16 Informamo-nos a respeito
da força mental no aprendizado mundano, mas esquecemos que toda a nossa
energia, nesse particular, tem sido empregada por nós, em milênios sucessivos,
nas criações mentais destrutivas ou prejudiciais a nós mesmos.
17 “Somos admitidos aos cursos
de espiritualização nas diversas escolas religiosas do mundo, mas habitualmente agimos exclusivamente no terreno das afirmativas verbais.

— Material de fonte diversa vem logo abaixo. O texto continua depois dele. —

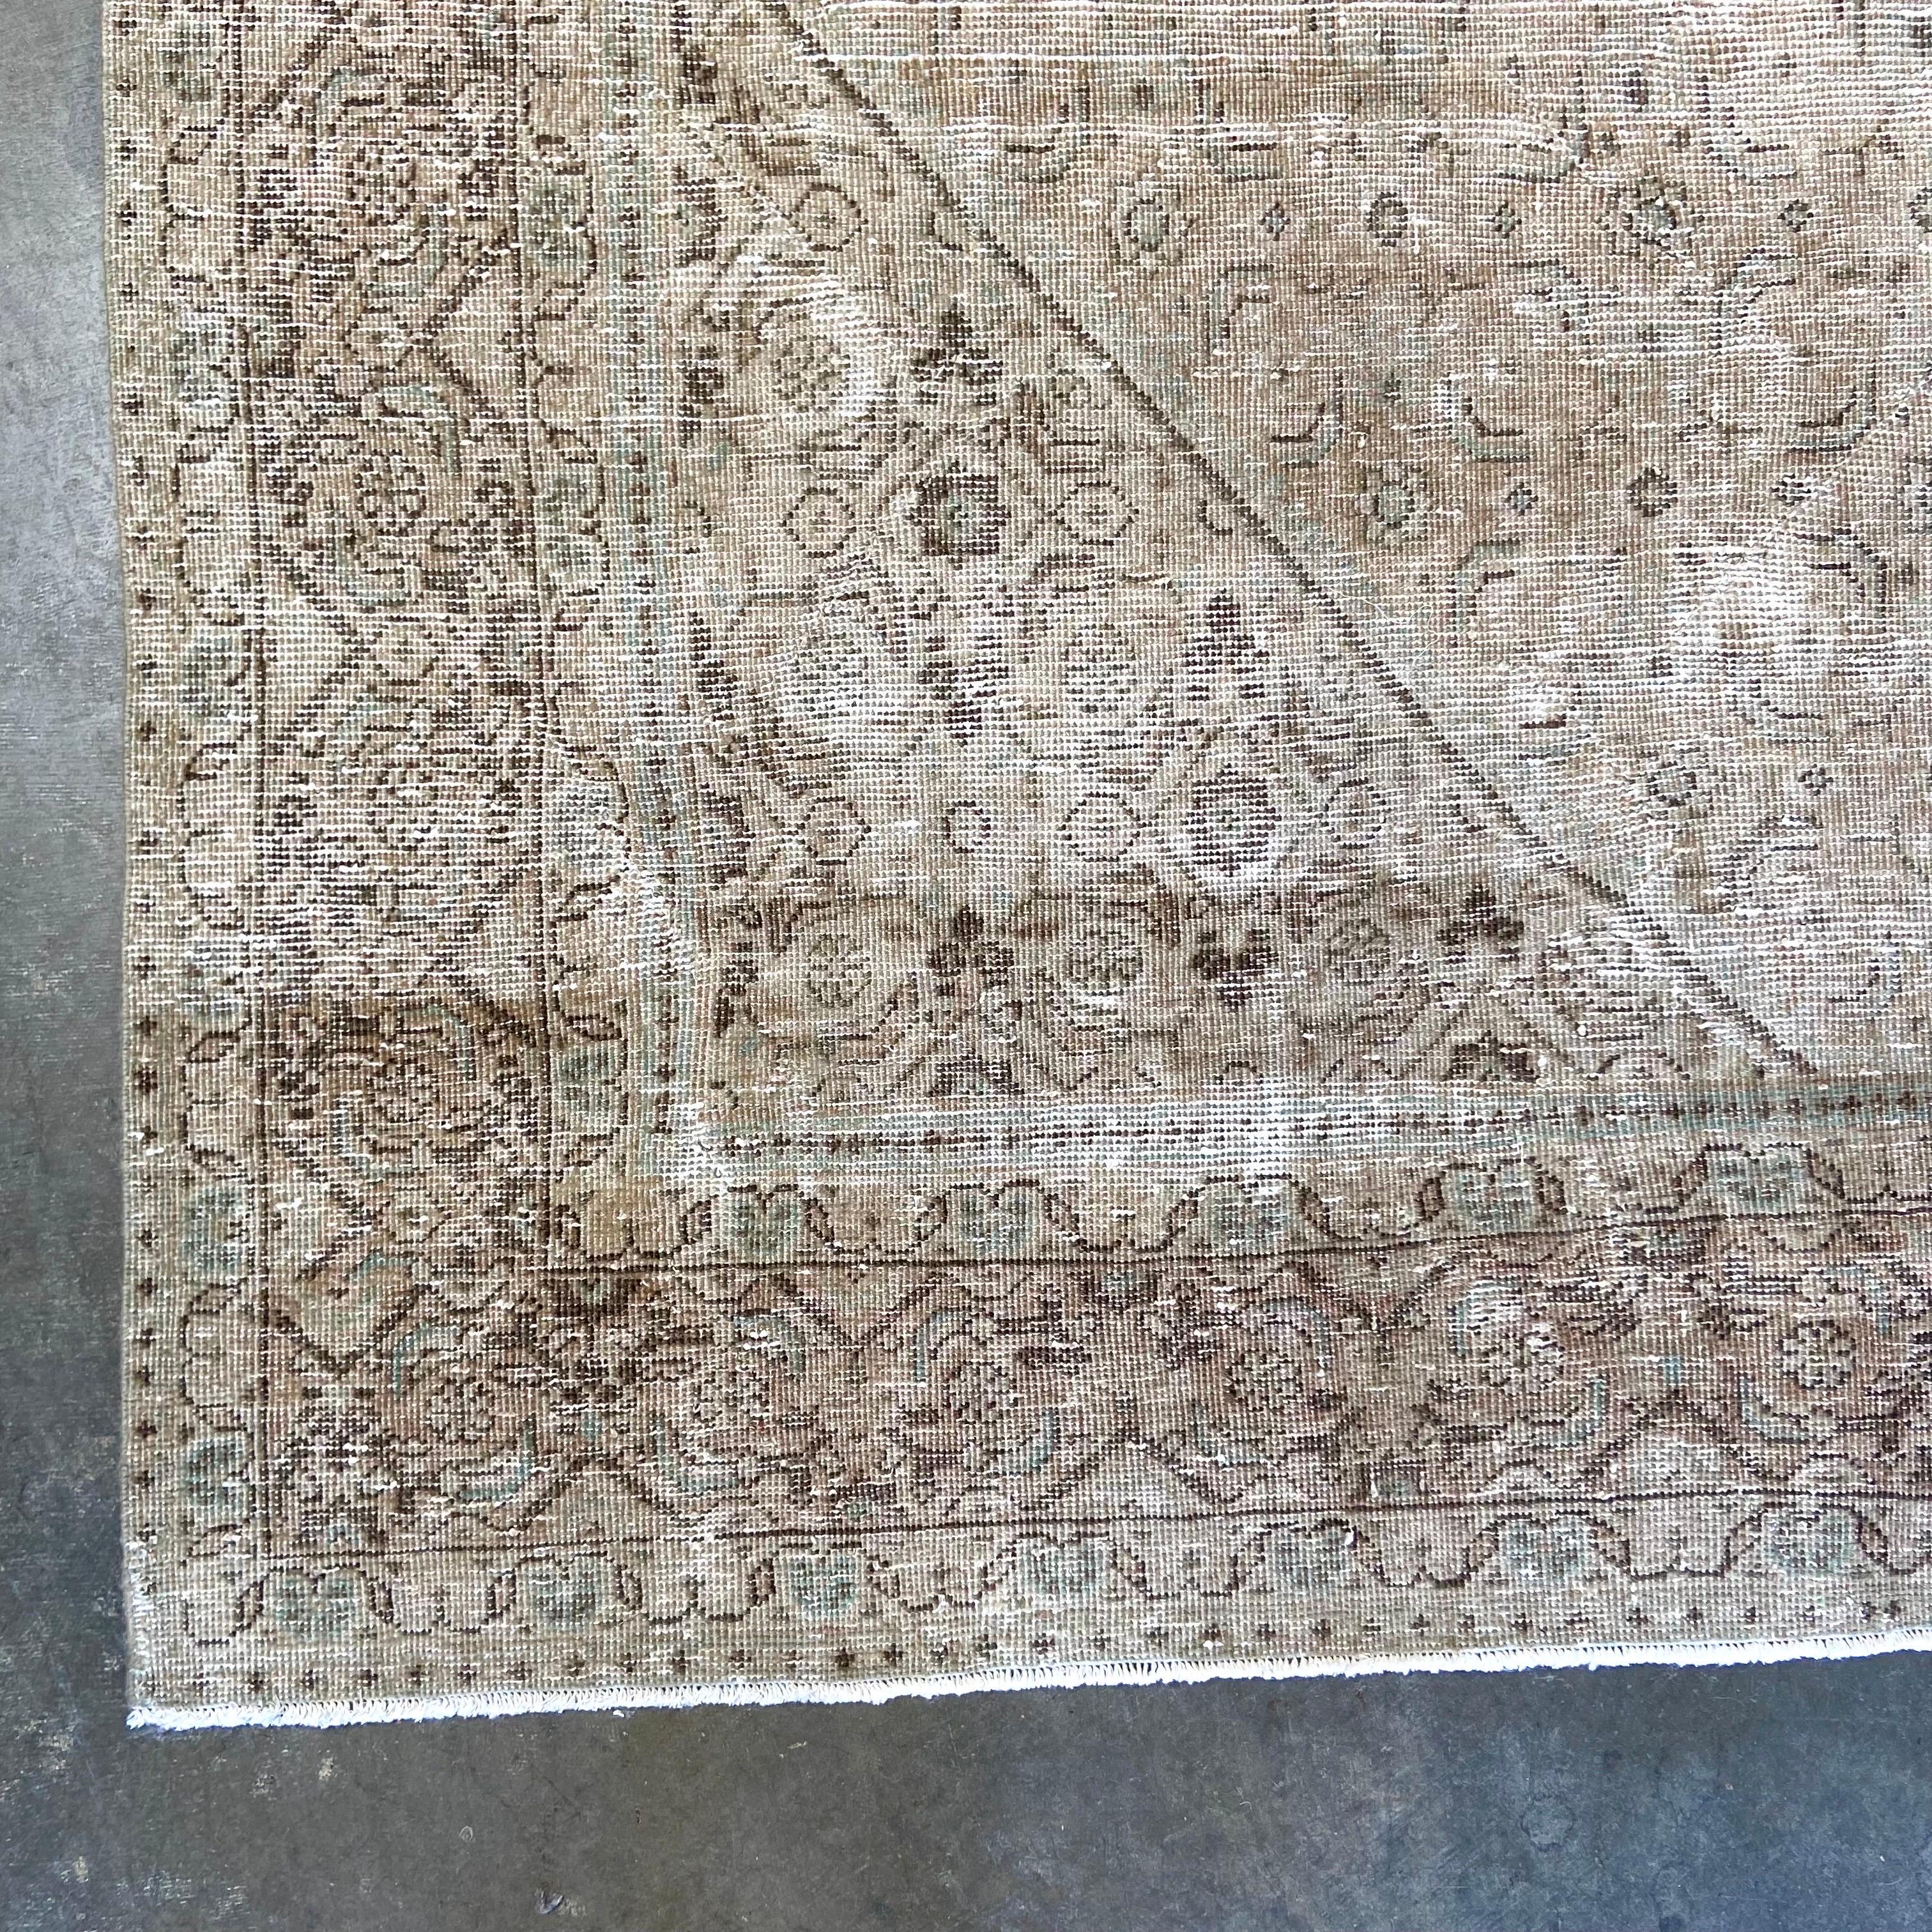 Türkischer Vintage-Teppich
Dieser türkische Teppich ist ein antiker Teppich in Erbstückqualität mit zeitlosen Farbtönen und einem komplizierten Muster, das jedem Raum, den es schmückt, Geschichte, Schönheit und Charakter verleiht. Wie bei allen

Ninguém, todavia, atenderá ao dever apenas com palavras. Ensina a Bíblia
que o próprio Senhor da Vida não estacionou no Verbo e continuou o trabalho
criativo na Ação. ( † )
18 “Todos sabemos que o pensamento
é força essencial mas não admitimos nossa milenária viciação no desvio
dessa força.
19 “Ora, é coisa
sabida que um homem é obrigado a alimentar os próprios filhos; nas mesmas
condições, cada Espírito é compelido a manter e nutrir as criações que
lhe são peculiares. Uma ideia criminosa produzirá gerações mentais da
mesma natureza; um princípio elevado obedecerá à mesma lei. 20
Recorramos a símbolo mais simples. Após elevar-se às alturas, a água
volta purificada, veiculando vigorosos fluidos vitais, no orvalho protetor
ou na chuva benéfica; conservemo-la com os detritos da terra e faremos
habitação de micróbios destruidores.
21 “O pensamento é força viva,
em toda parte; é atmosfera criadora que envolve o Pai e os filhos, a
Causa e os Efeitos, no Lar Universal. Nele, transformam-se homens em
anjos, a caminho do Céu ou se fazem gênios diabólicos, a caminho do
inferno.
22 “Apreendem vocês
a importância disso? Certo, nas mentes evolvidas, entre os desencarnados
e encarnados, basta o intercâmbio mental sem necessidade das formas,
23 e é justo destacar
que o pensamento em si é a base de todas as mensagens silenciosas da
ideia, nos maravilhosos planos da intuição, entre os seres de toda espécie.
24 Dentro desse princípio,
o Espírito que haja vivido exclusivamente em França poderá comunicar-se
no Brasil, pensamento a pensamento, prescindindo de forma verbalista
especial, que, nesse caso, será sempre a do receptor; mas isso também
exige a afinidade pura. 25
Não estamos, porém, nas Esferas de absoluta pureza mental, onde todas
as criaturas têm afinidades entre si. Afinamo-nos uns com os outros,
em núcleos insulados, e somos compelidos a prosseguir nas construções
transitórias da Terra, a fim de regressar aos Círculos planetários com
maior bagagem evolutiva.
26 “Nosso Lar”, portanto, como
cidade espiritual de transição, é uma bênção a nós concedida por “acréscimo
de misericórdia”, para que alguns poucos se preparem à ascensão, e para
que a maioria volte à Terra em serviços redentores. Compreendamos a
grandiosidade das leis do pensamento e submetamo-nos a elas, desde hoje.”
27 Depois de longa pausa, a
Ministra sorriu para o auditório e perguntou:
— Quem deseja aproveitar?
Logo após, a música suave encheu o recinto de cariciosas melodias.
28 Veneranda conversou ainda
por muito tempo, revelando amor e compreensão, delicadeza e sabedoria.
Sem qualquer solenidade nos gestos para evidenciar o término da conversação,
findou a palestra com uma pergunta graciosa.
29 Quando vi os companheiros
se levantarem para despedir-se, ao som da música habitual, indaguei
de Narcisa, surpreendido:
— Que é isso? Acabou a reunião?
30 A enfermeira bondosa esclareceu,
sorridente:
— A Ministra Veneranda é sempre assim. Finaliza a conversação em meio do nosso maior interesse. Ela costuma afirmar que as preleções evangélicas começaram com Jesus, mas ninguém pode saber quando e como terminarão.